**Exercise goal**
Every line below from the one with "Neue Justiz (NJ), Zeitschrift" through the one with "Darth Logo - Wallpaper" should be retyped exactly, both ends included; no other lines and no pictures.

**Given data**
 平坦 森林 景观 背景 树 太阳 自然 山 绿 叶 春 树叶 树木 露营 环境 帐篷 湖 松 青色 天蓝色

* * *

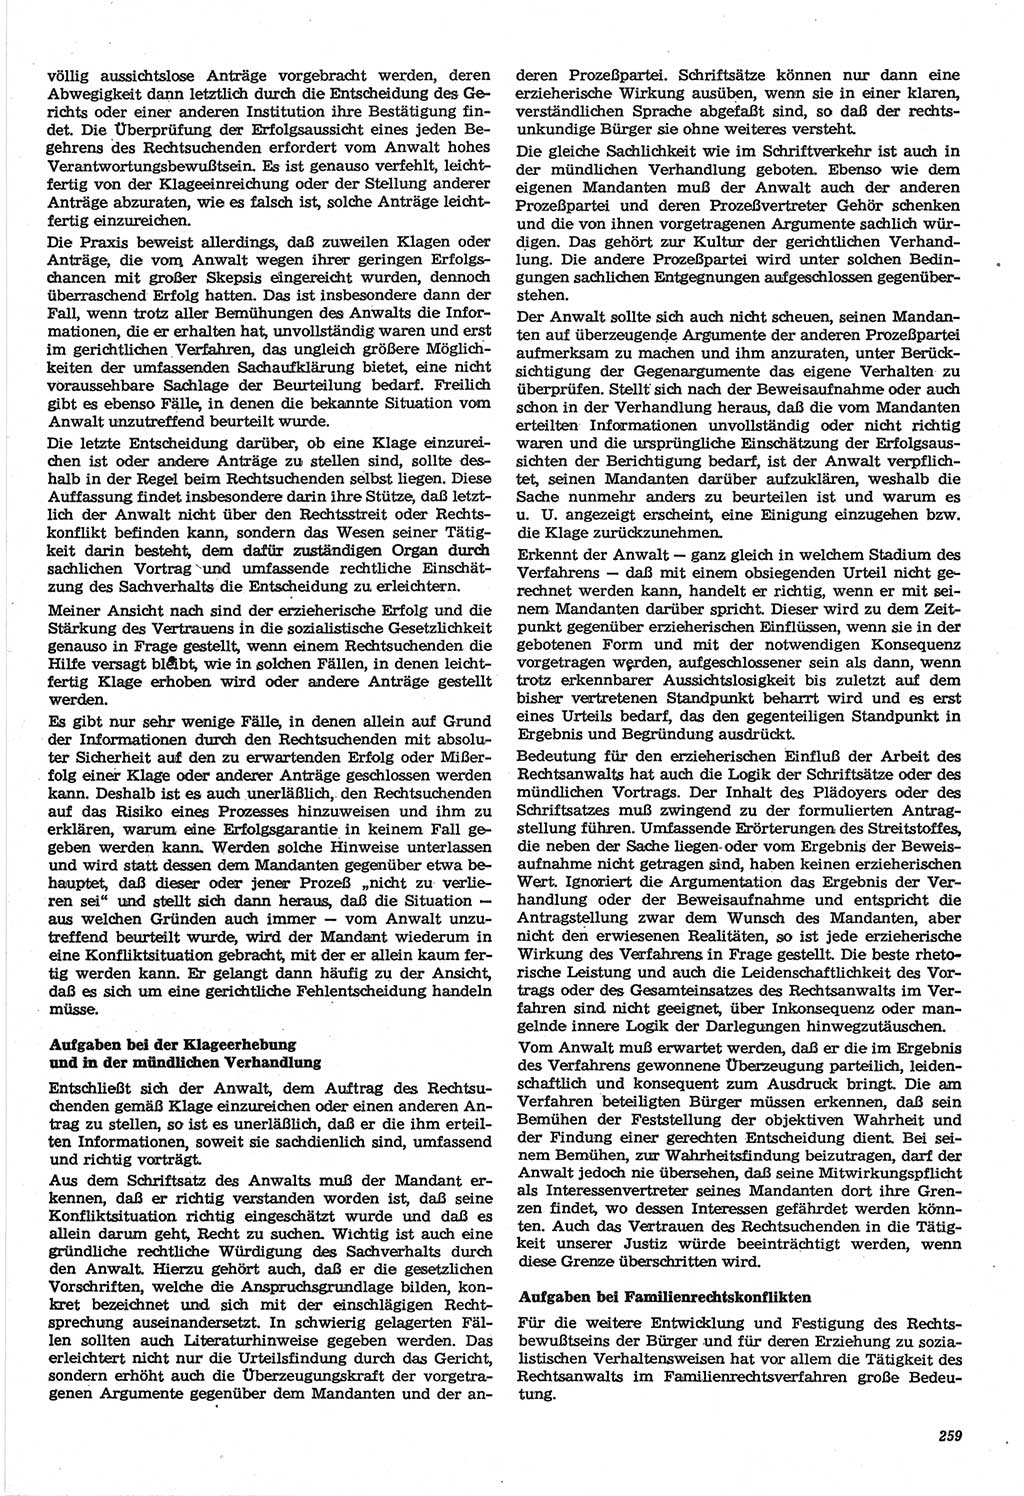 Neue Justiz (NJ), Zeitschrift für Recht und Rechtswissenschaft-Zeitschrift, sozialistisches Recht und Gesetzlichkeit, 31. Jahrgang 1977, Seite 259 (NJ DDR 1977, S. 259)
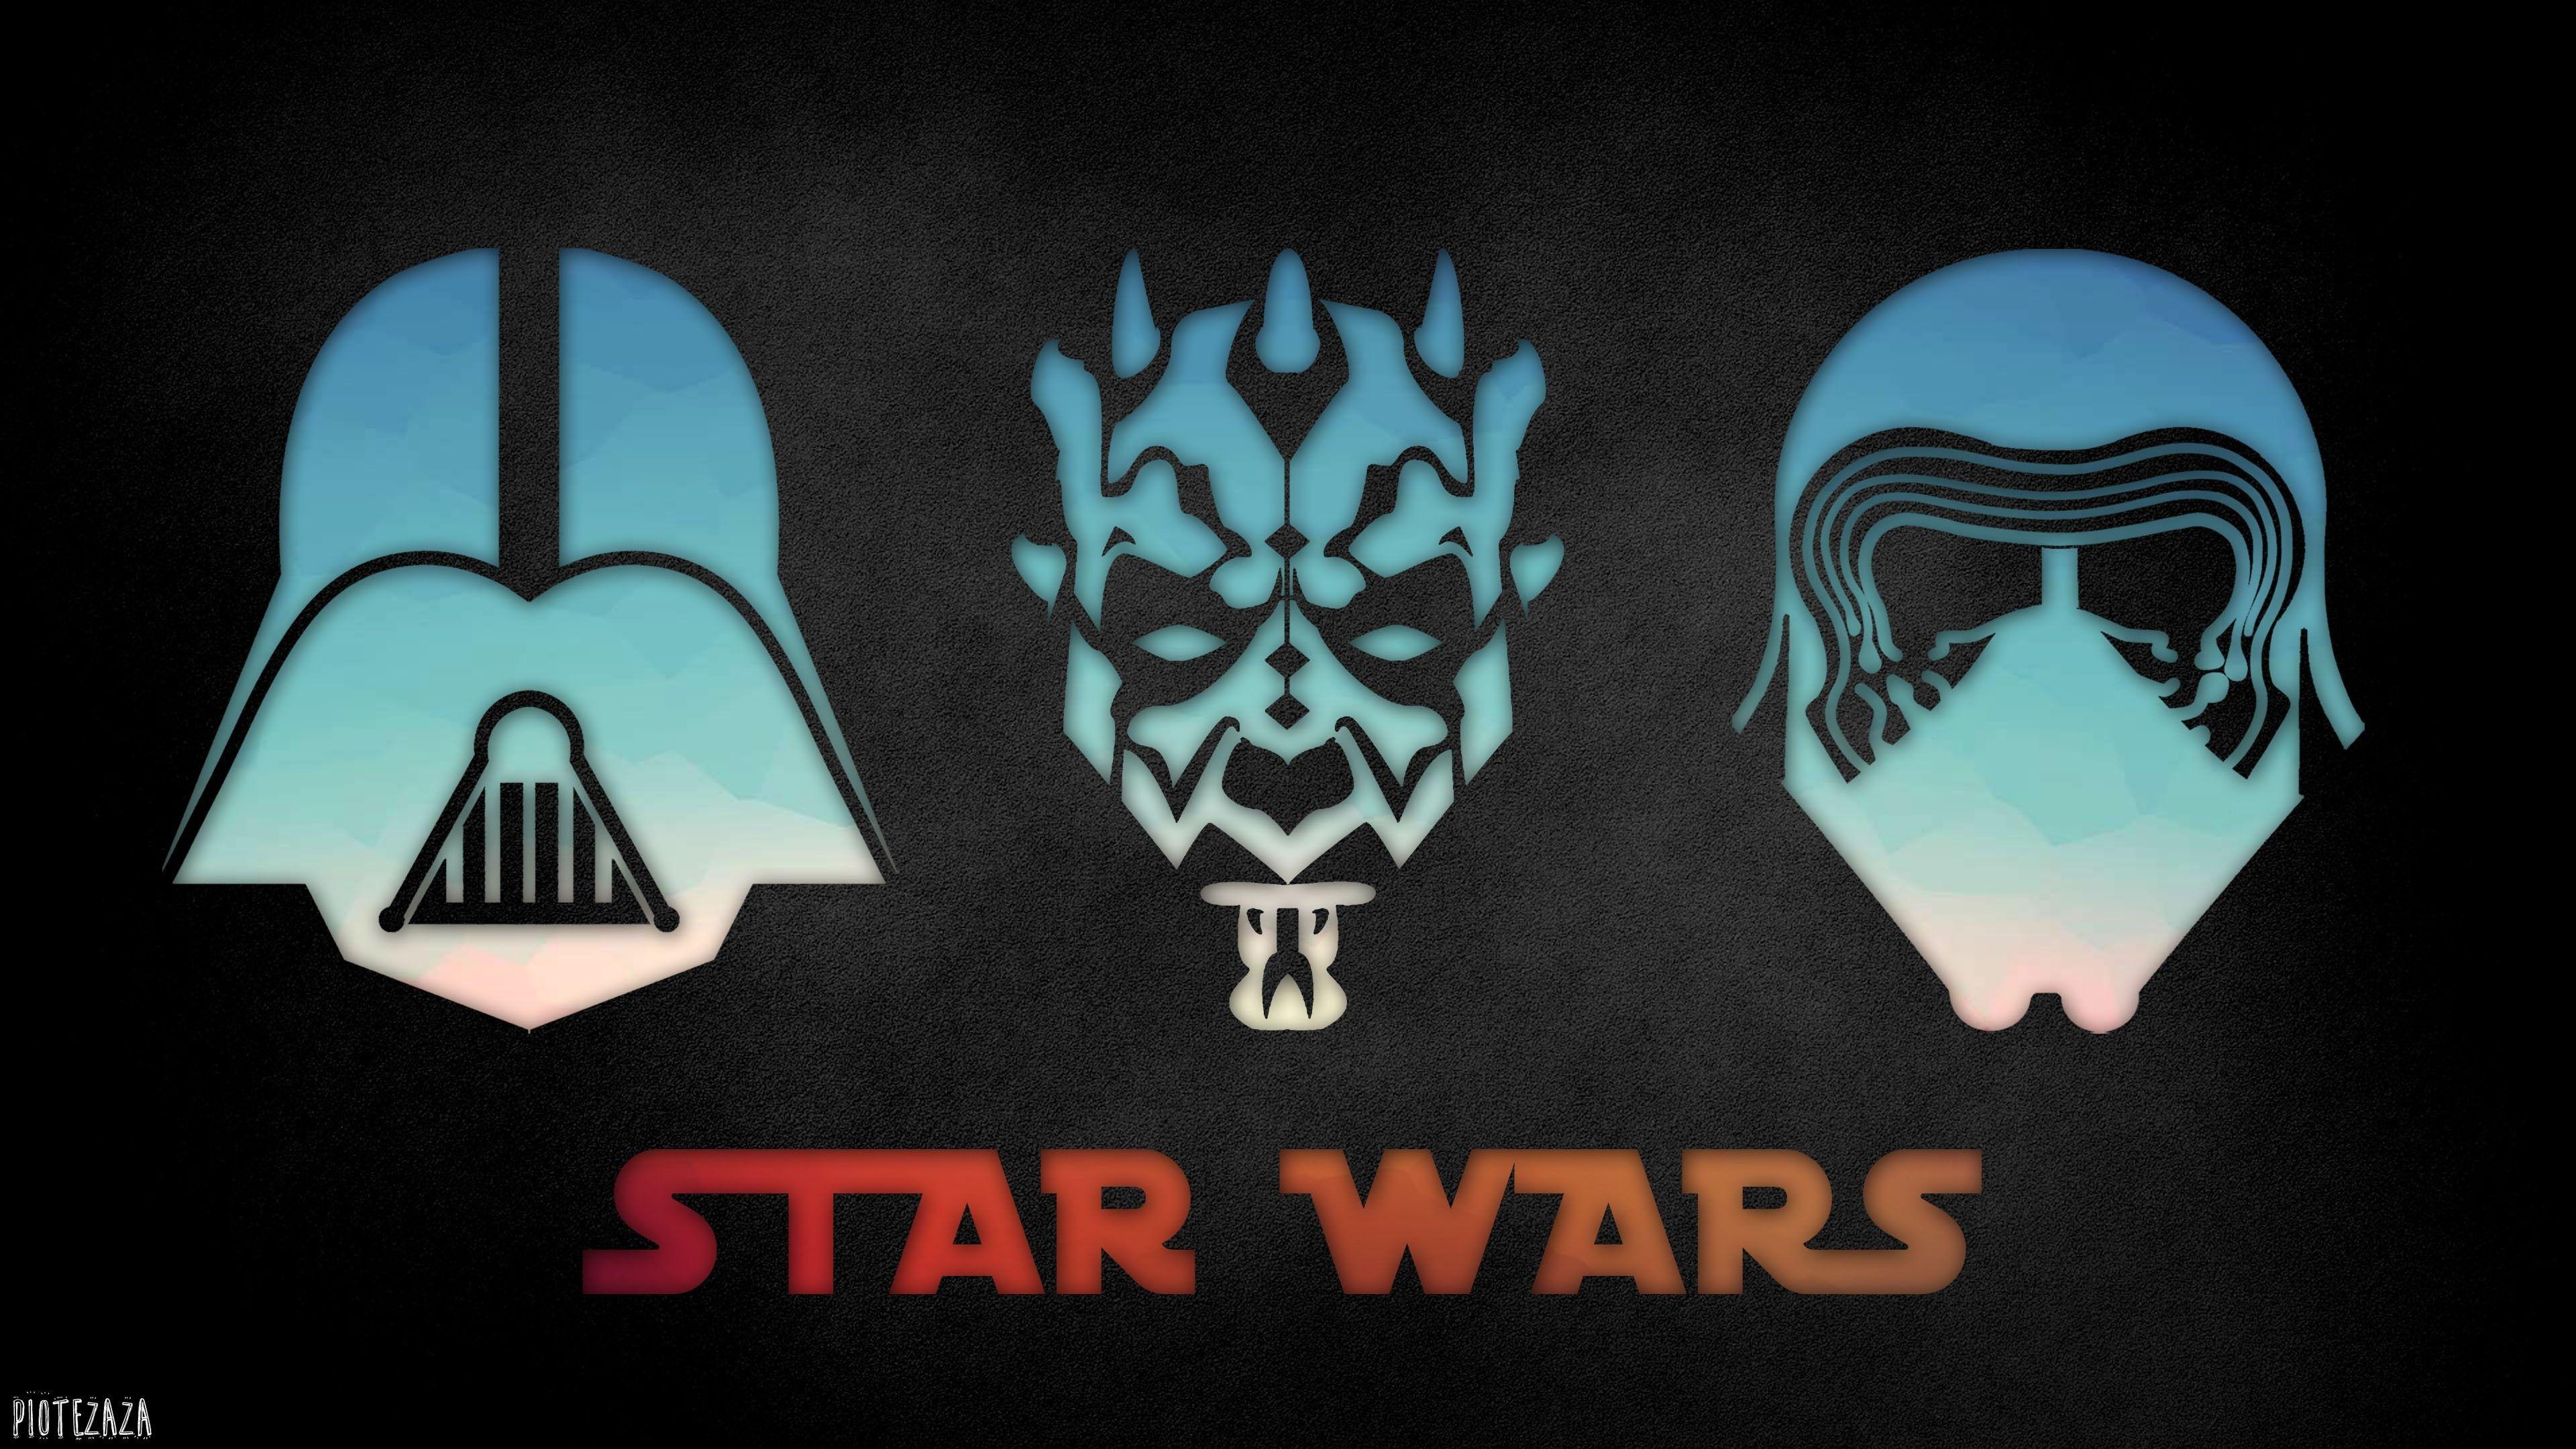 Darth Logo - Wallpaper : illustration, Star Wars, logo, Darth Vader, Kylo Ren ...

**Solution for this exercise**
 Neue Justiz (NJ), Zeitschrift für Recht und Rechtswissenschaft-Zeitschrift, sozialistisches Recht und Gesetzlichkeit, 31. Jahrgang 1977, Seite 259 (NJ DDR 1977, S. 259)
 Darth Logo - Wallpaper : illustration, Star Wars, logo, Darth Vader, Kylo Ren ...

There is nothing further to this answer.